Based in Gloucestershire, but with a regional office at Thornton Science Park, the company develops and delivers clean energy projects at a scale that makes a material difference to climate change.

One such project is HyNet North West – the UK’s leading industrial and multi-sector decarbonisation project, which involves the production and distribution of low carbon hydrogen and includes carbon capture and storage. The University is a collaboration partner in the HyNet North West project.

During her placement, Hannah, a student in the University’s Faculty of Science and Engineering, examined the technical and economic pros and cons of several candidate carbon capture technologies.

The task gave Hannah invaluable experience of working on a live project that will have a big beneficial impact on the environment. During her time with Progressive Energy, Hannah was working on part of the HyNet North West project.

Hannah explained: “My project was to research a wide range of carbon capture technology options to determine the optimal solution to capture large volumes of carbon dioxide from one particular production unit.

“I wrote a report and a presentation which informed the other employees at Progressive Energy of my findings. From this, they could make an evaluation on which was the most efficient and viable technology option.”

John Egan, North West Regional Lead at Progressive Energy, said: “It was very useful to have Hannah investigate the technical and economic advantages and disadvantages of several candidate carbon capture technologies.

“She was able to quickly eliminate several technologies which were poorly suited to the specific process conditions of the emissions source.

“Hannah delivered a very effective final presentation to a large group including some of the company directors, which prompted plenty of further discussions.”

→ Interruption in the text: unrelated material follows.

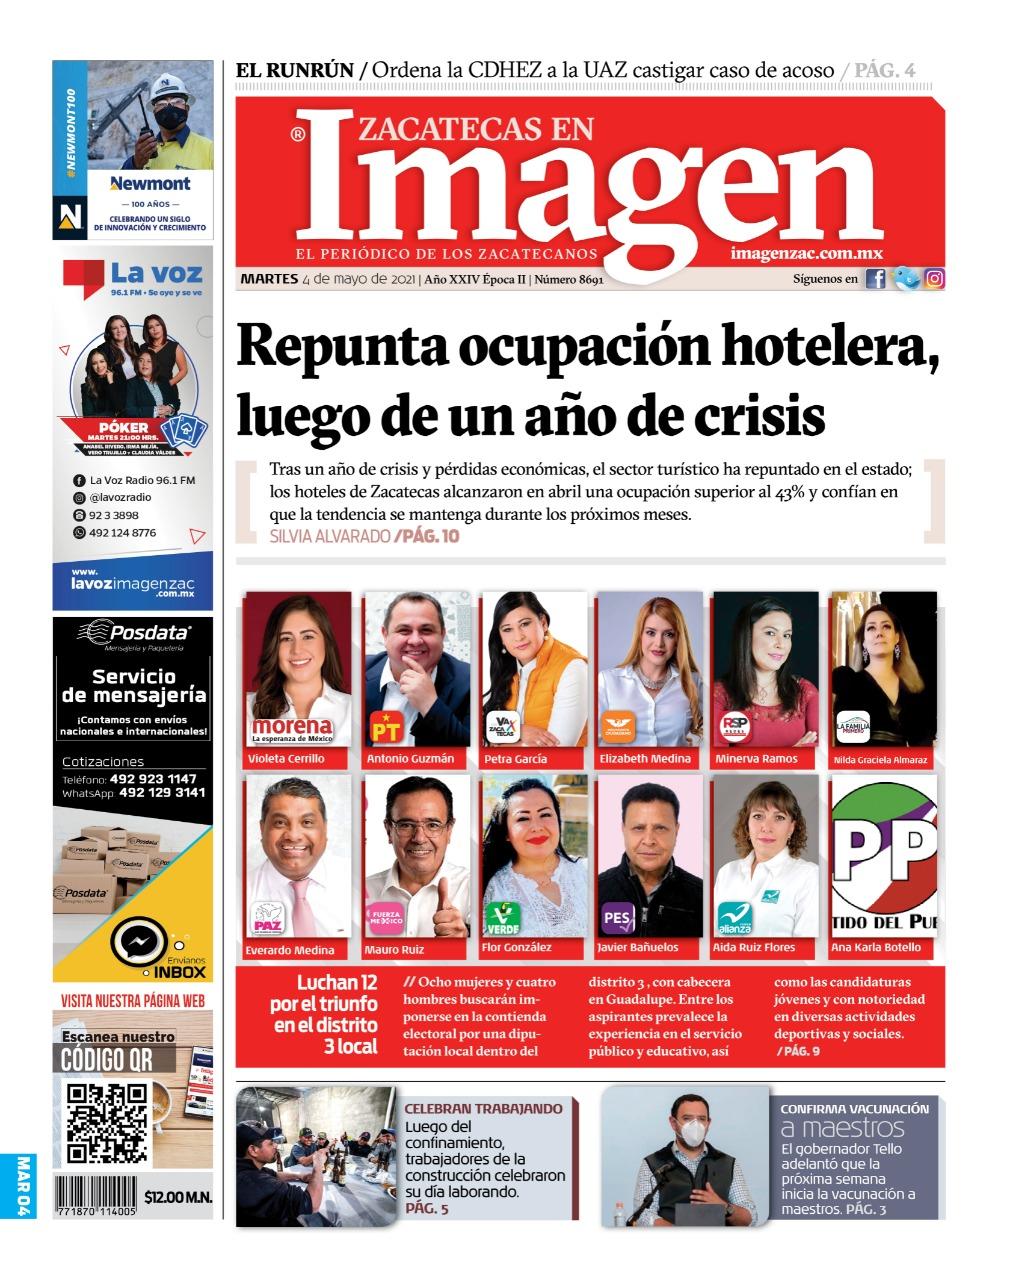 Imagen Zacatecas edición del 04 de mayo del 2021

He added: “Despite the constraints of a wholly virtual placement due to the COVID-19 pandemic, Hannah was able to gather data and interact with several members of the Progressive Energy team."

Hannah, who is now considering careers in chemical engineering as she completes her degree, added: “I was provided with lots of support, structure and clarity to what was expected. We would have regular video chat meetings and John and his colleagues were always available to provide help if any problems were raised, therefore I quickly adjusted to the work environment.

“From this experience, I’ve widened my knowledge on the different pathways to a low carbon future and I’m now able to understand the current issues and future projects associated with the low carbon energy market.

“I’ve also learned what it would be like to work in a research-based career, as well as working remotely in a home environment. It’s been a really valuable experience.”